* [Input records]:
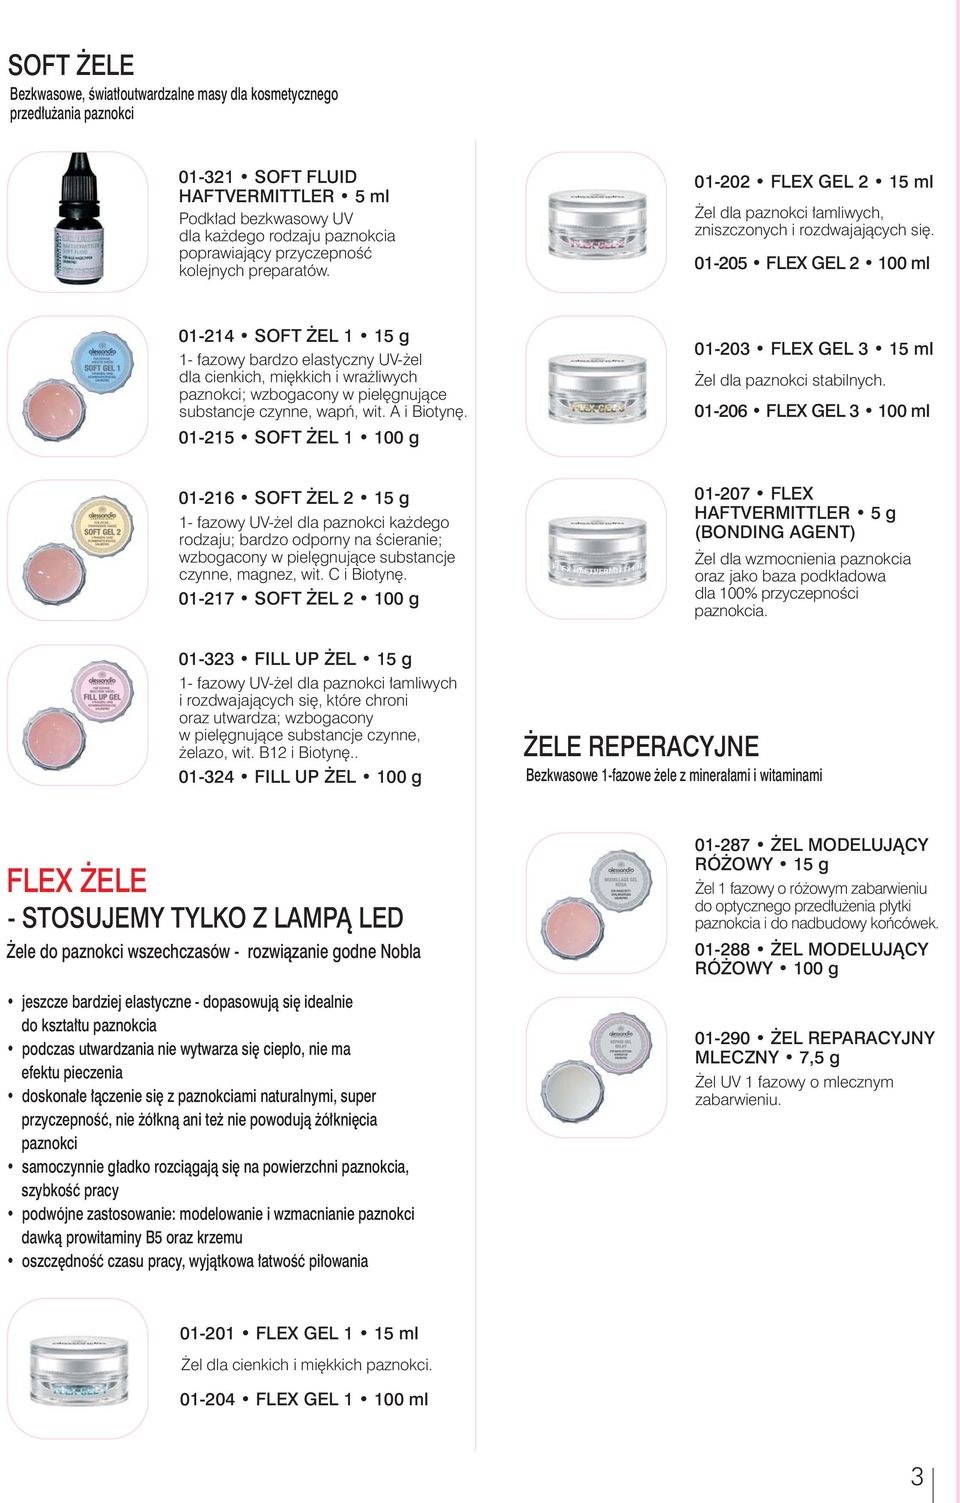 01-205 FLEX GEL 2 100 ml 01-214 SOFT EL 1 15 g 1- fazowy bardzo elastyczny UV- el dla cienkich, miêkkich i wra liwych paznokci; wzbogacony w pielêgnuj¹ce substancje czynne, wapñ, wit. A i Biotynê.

==

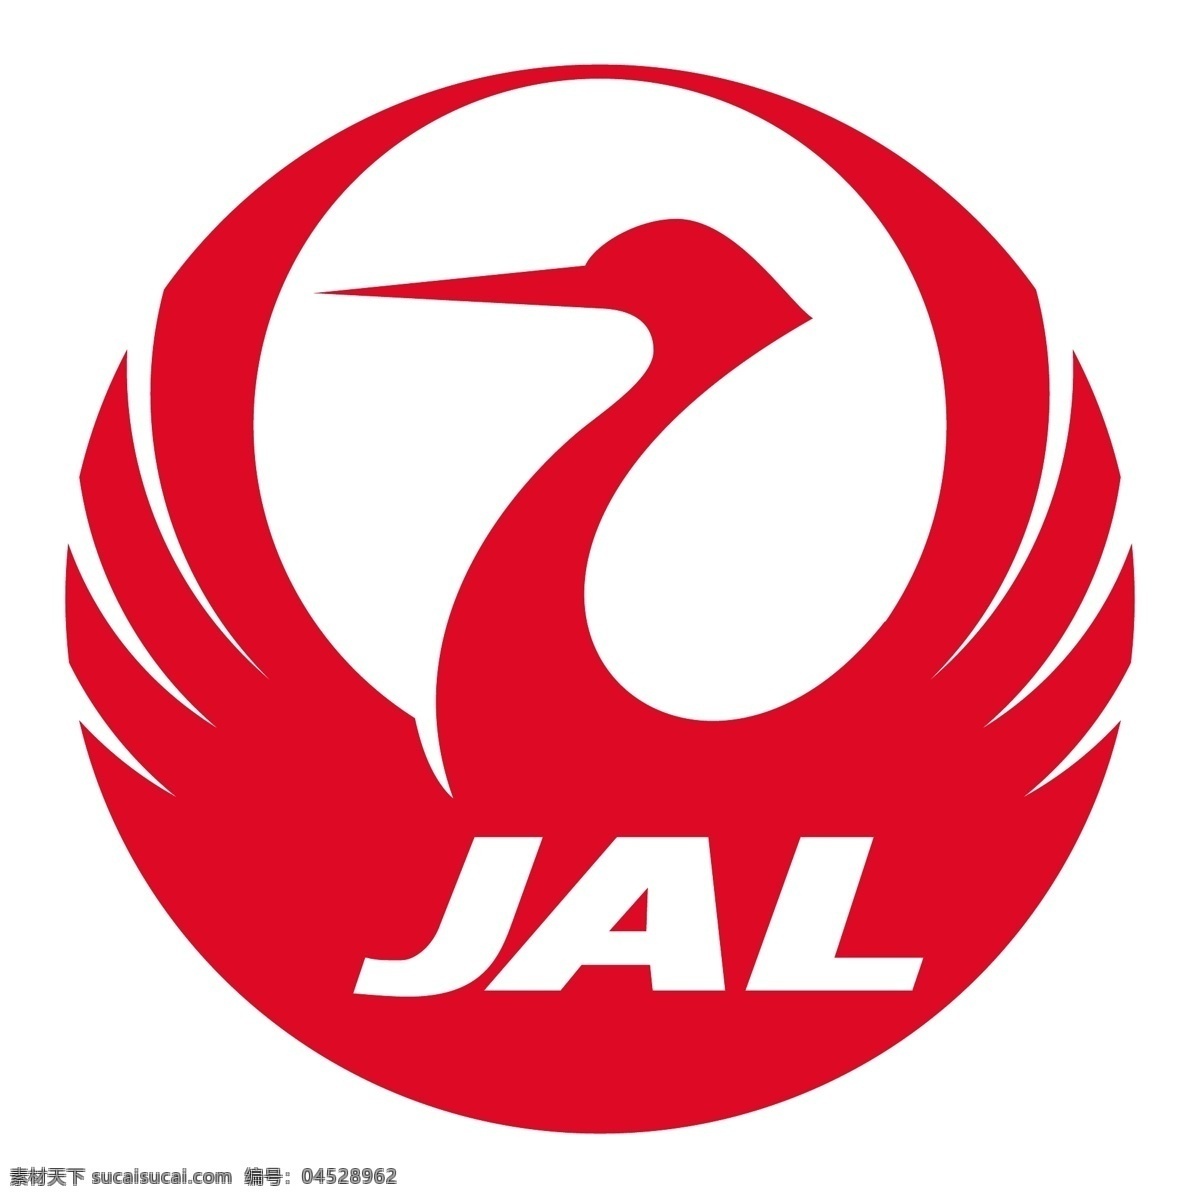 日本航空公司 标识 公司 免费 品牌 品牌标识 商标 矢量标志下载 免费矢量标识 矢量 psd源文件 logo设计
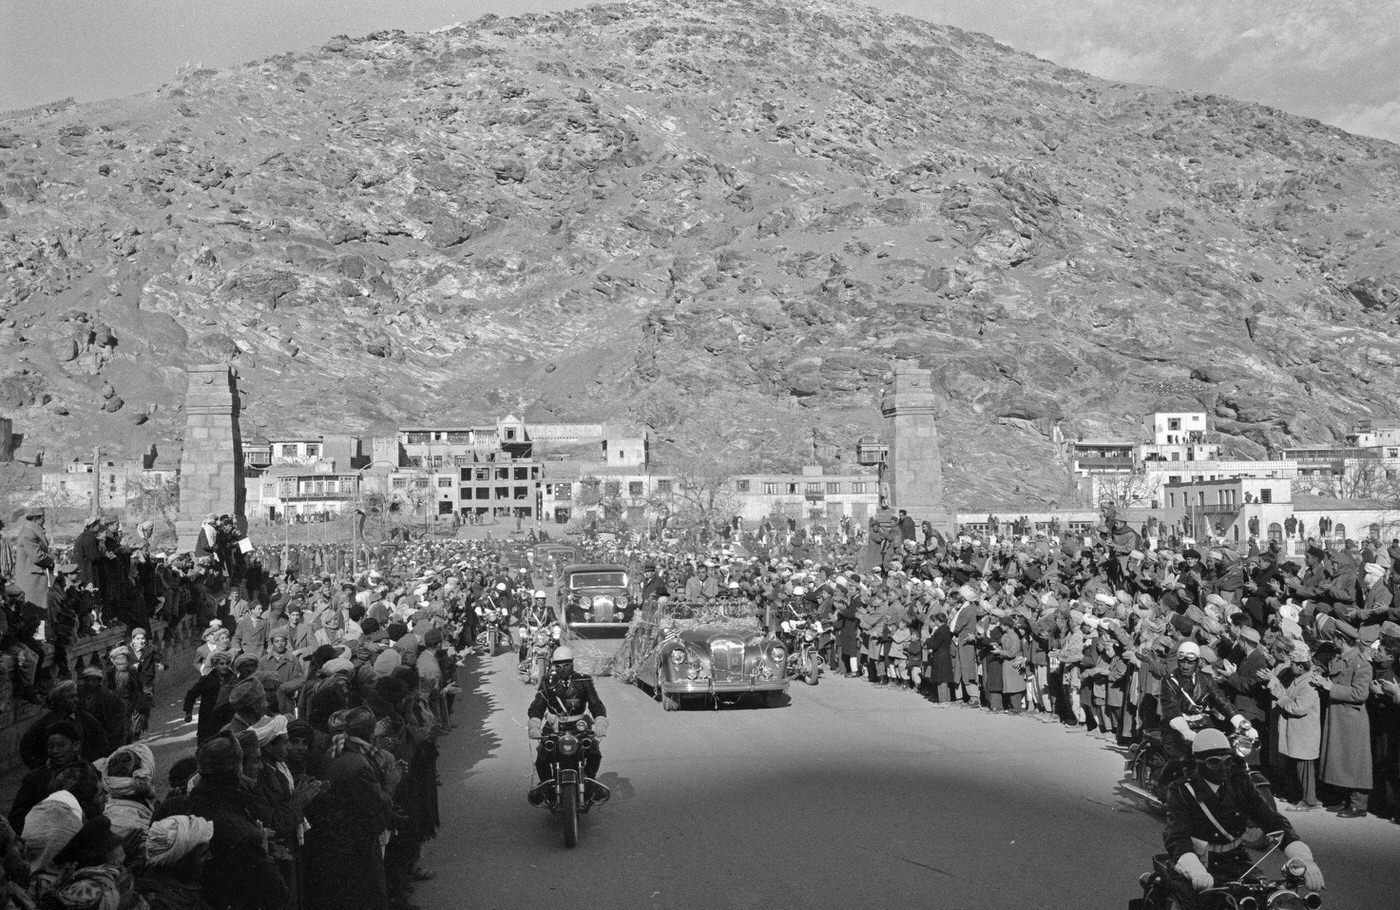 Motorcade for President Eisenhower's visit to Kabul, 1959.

==

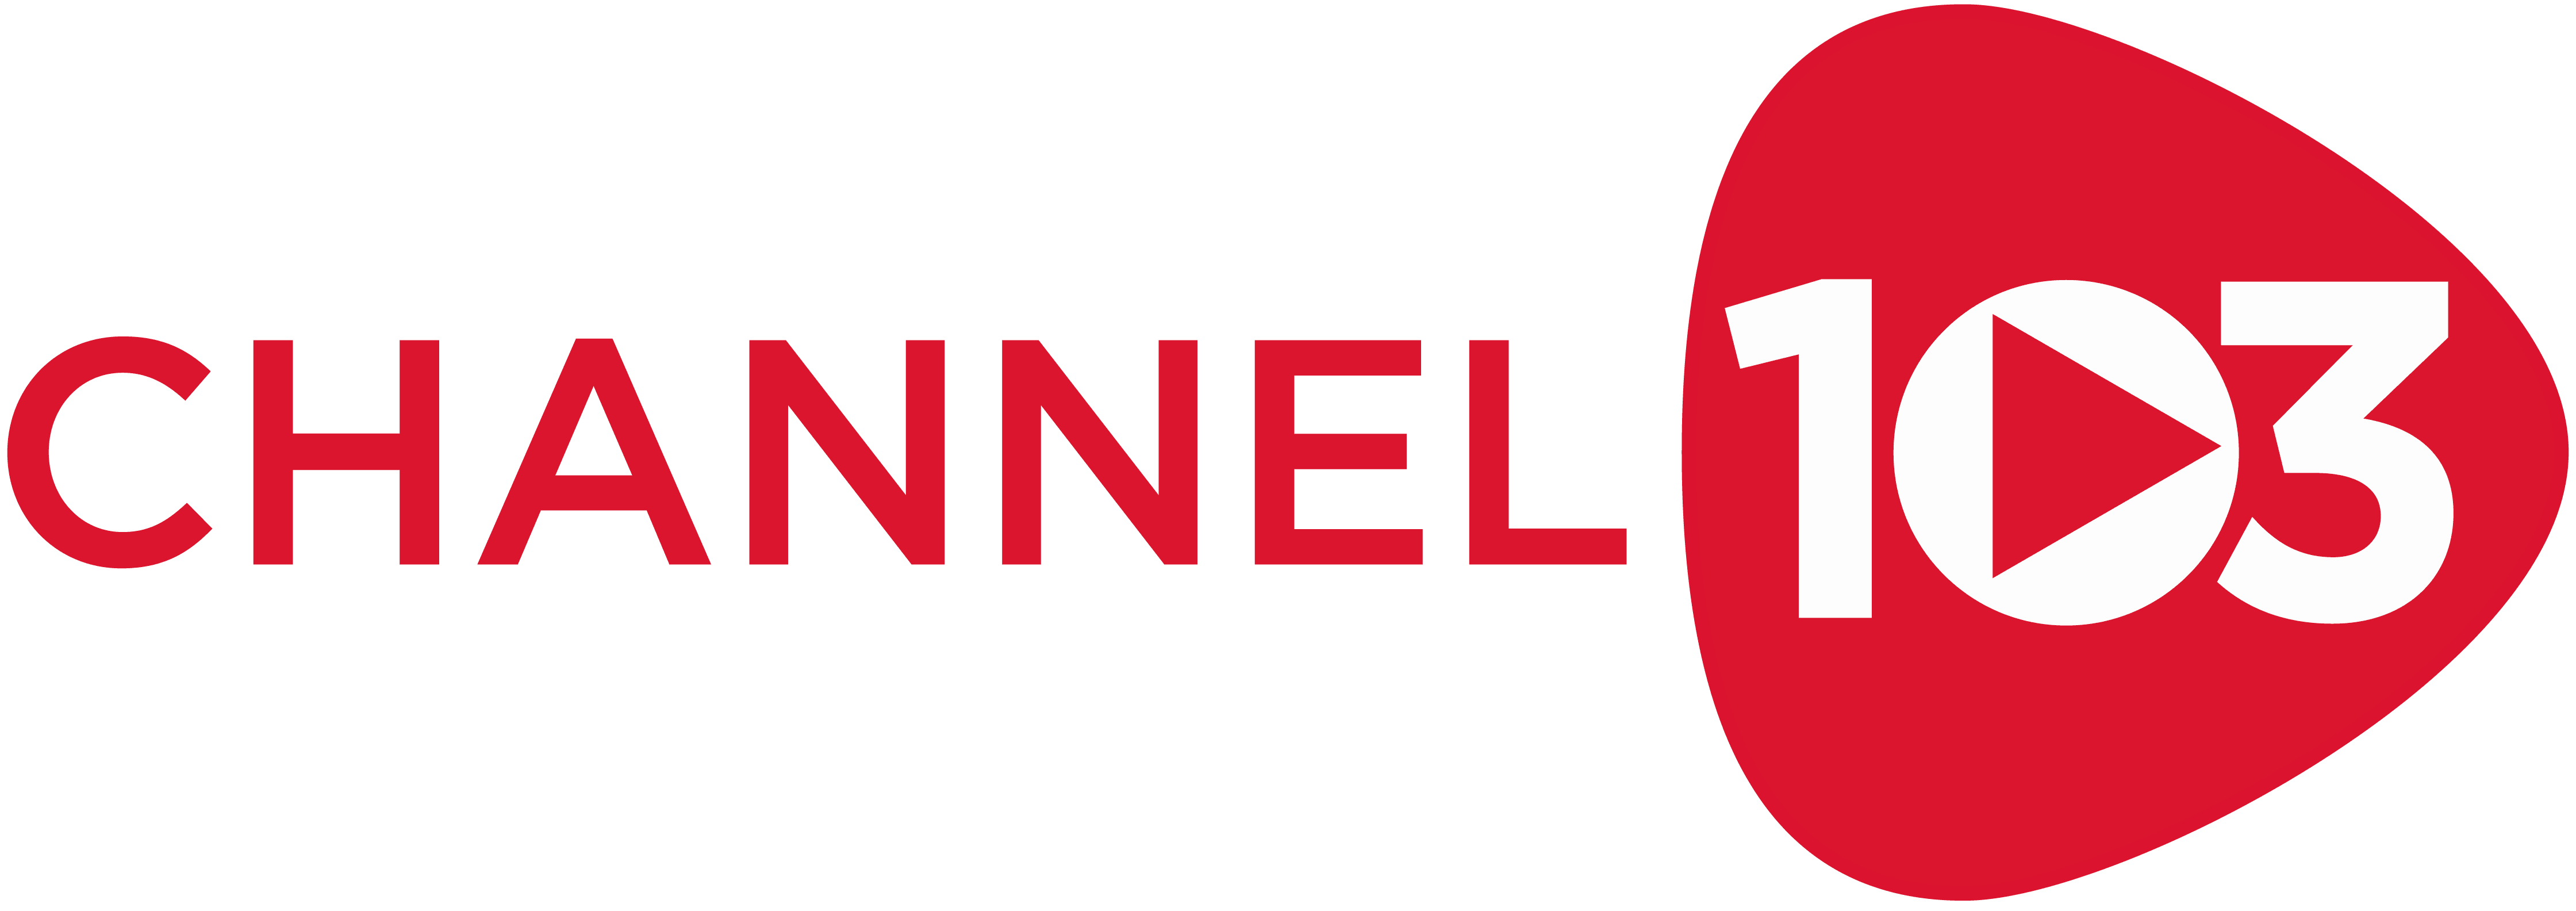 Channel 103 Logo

* [Problem details]: Word for word, restate the lines above from the one with "日本航空公司 标识 公司" through the one with "Motorcade for President", keeping both ends and dropping the pictures.

* [Worked solution]:
 日本航空公司 标识 公司 免费 品牌 品牌标识 商标 矢量标志下载 免费矢量标识 矢量 psd源文件 logo设计
 Motorcade for President Eisenhower's visit to Kabul, 1959.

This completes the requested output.